Throughout the book, Anderson’s authorial voice conveys his pride at being part of This Is the Army — and that’s entirely justified considering what he and his colleagues endured to carry a full-fledged, professionally executed musical comedy to the ends of the civilized world in order to salvage the morale of service personnel. In a 1945 letter to his wife from the Pacific theater of war, Anderson recounts an epiphany of “how lucky we [the members of the This Is the Army detachment] are”:

We’ve begun giving shows under impossible difficulties – small stages out in the open with thousands of boys on the benches, on the ground, in trees or trucks – trying to give them a Broadway show out of nothing, our guys hovering around a lantern in a small tent, putting on makeup and costumes without seeing, me running up homemade ladders focusing what lights we can operate fifteen minutes before overture.
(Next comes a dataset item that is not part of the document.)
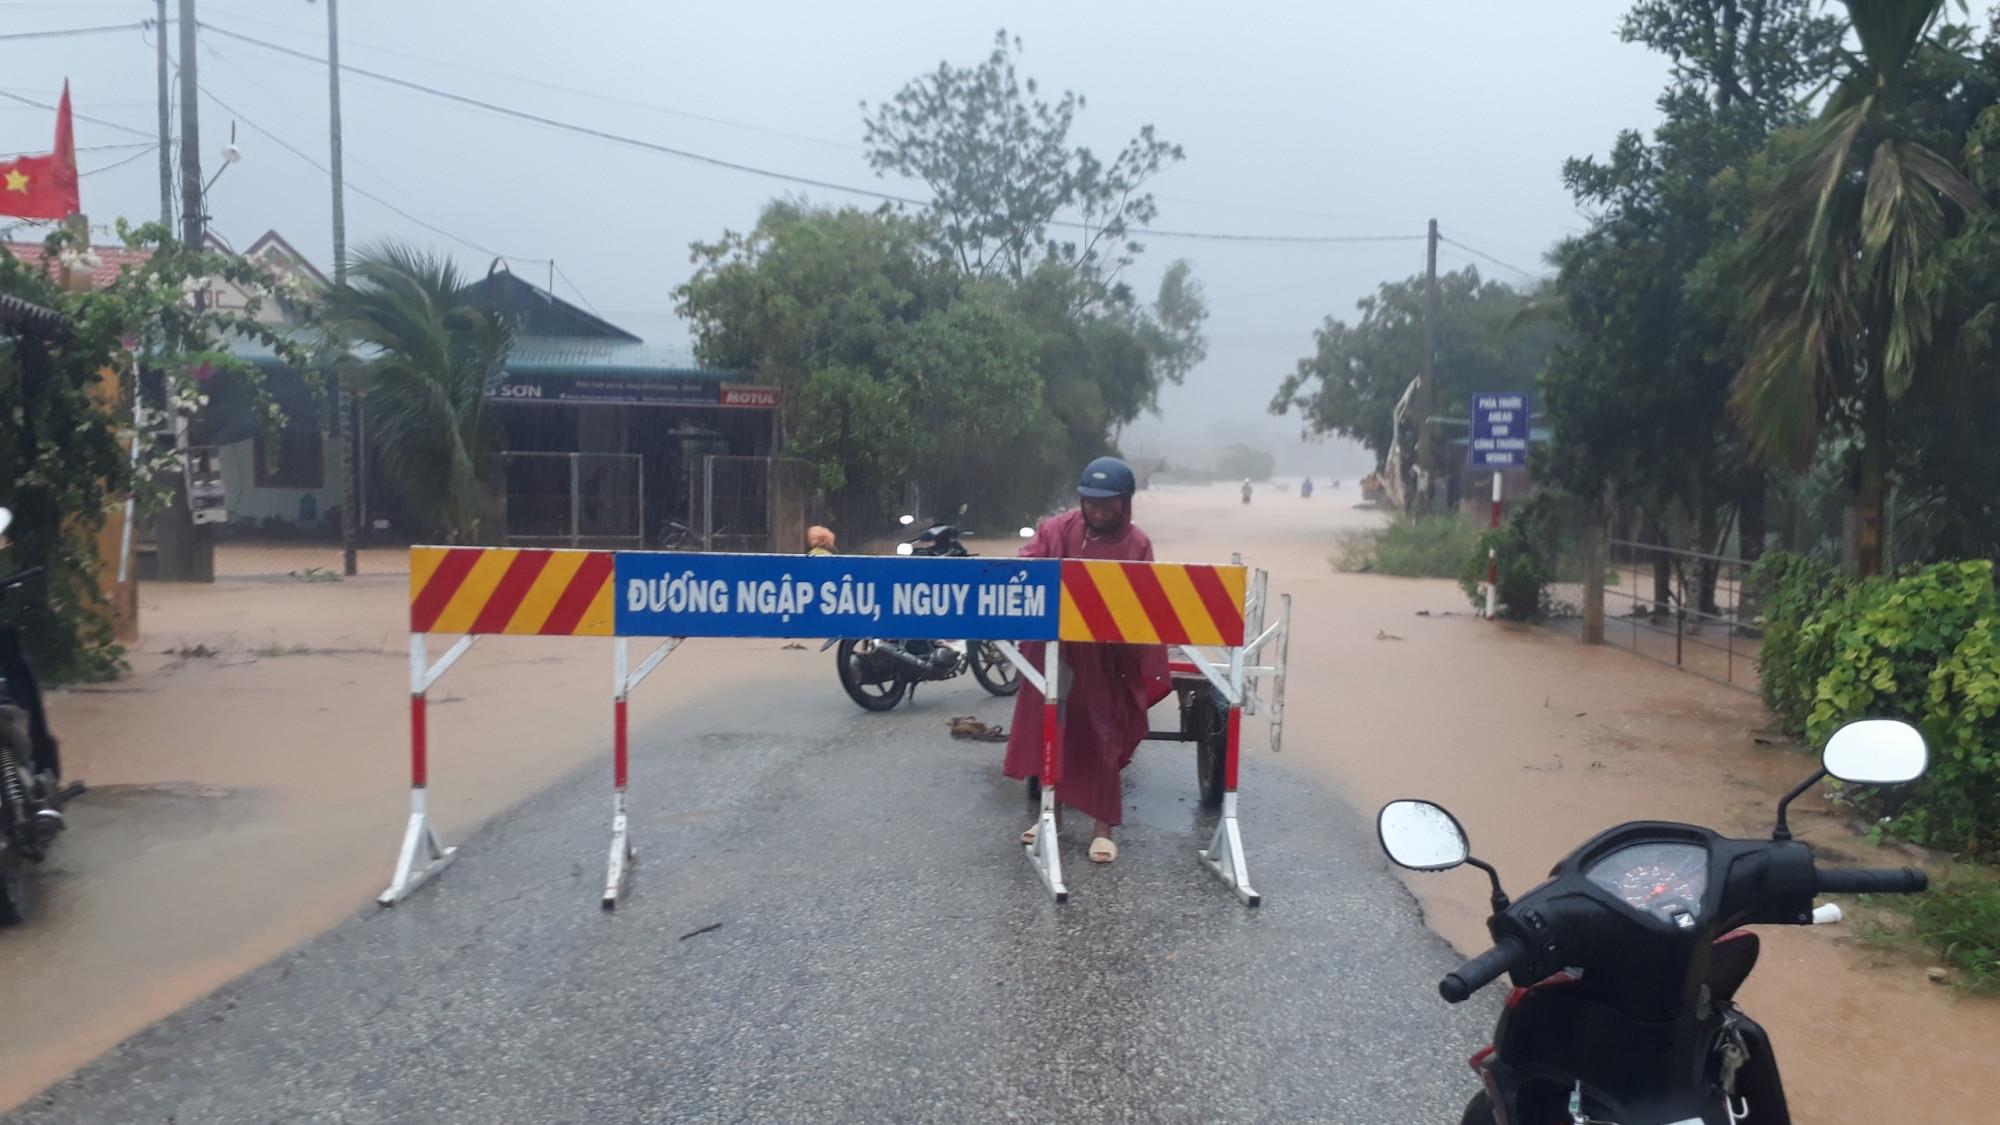 Tuyến đường qua xã Phong Xuân huyện Phong Điền dẫn lên thủy điện Rào Trăng ngập cục bộ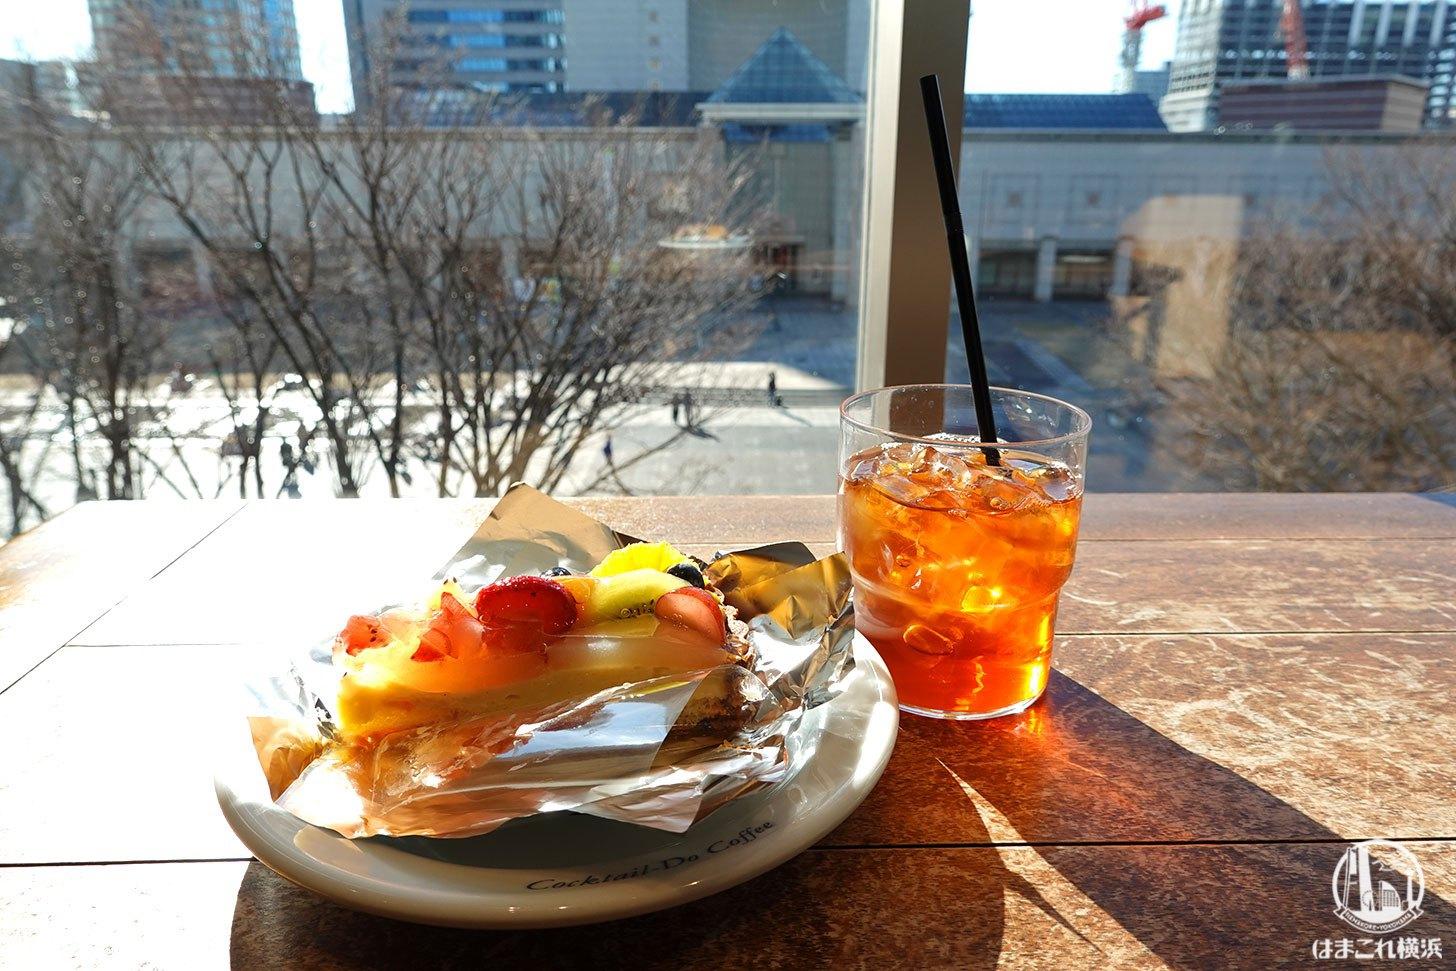 コクテール堂 横浜みなとみらい店はケーキがリーズナブルで居心地良い!マークイズのカフェ

All sorts of hurried measures by everyone to do as much show as possible. And the amazing thing is, it is a Broadway show and they go crazy watching it. God, they shout and laugh and beat their hands in applause and our boys play as they never played.

Yet at times, The Songwriter Goes to War has a melancholic undertone; and that’s perhaps inevitable in the recollections of one who knows himself to be among the last comrades standing. “Now that it is hard to find more than two dozen of us still alive out of the three hundred twenty-five or more who were involved in the show at one time or another in its history,” Anderson writes. Of course, it’s not just catastrophic illnesses such as AIDS that have decimated the ranks, but time itself has carried off the majority of those on the This Is the Army tour, including Berlin himself. “One of my greatest regrets,” writes Anderson, “is that I didn’t write this book in time for Mr. B. to see it.”

While Berlin may be gone, The Songwriter Goes to War preserves for posterity a chapter in theater history for which he was largely responsible. The self-effacing composer, however, would no doubt say that The Songwriter Goes to War is a fitting tribute to a band of artists and technicians who employed their talents and their training to serve country and countrymen to the best of their ability in a time of war.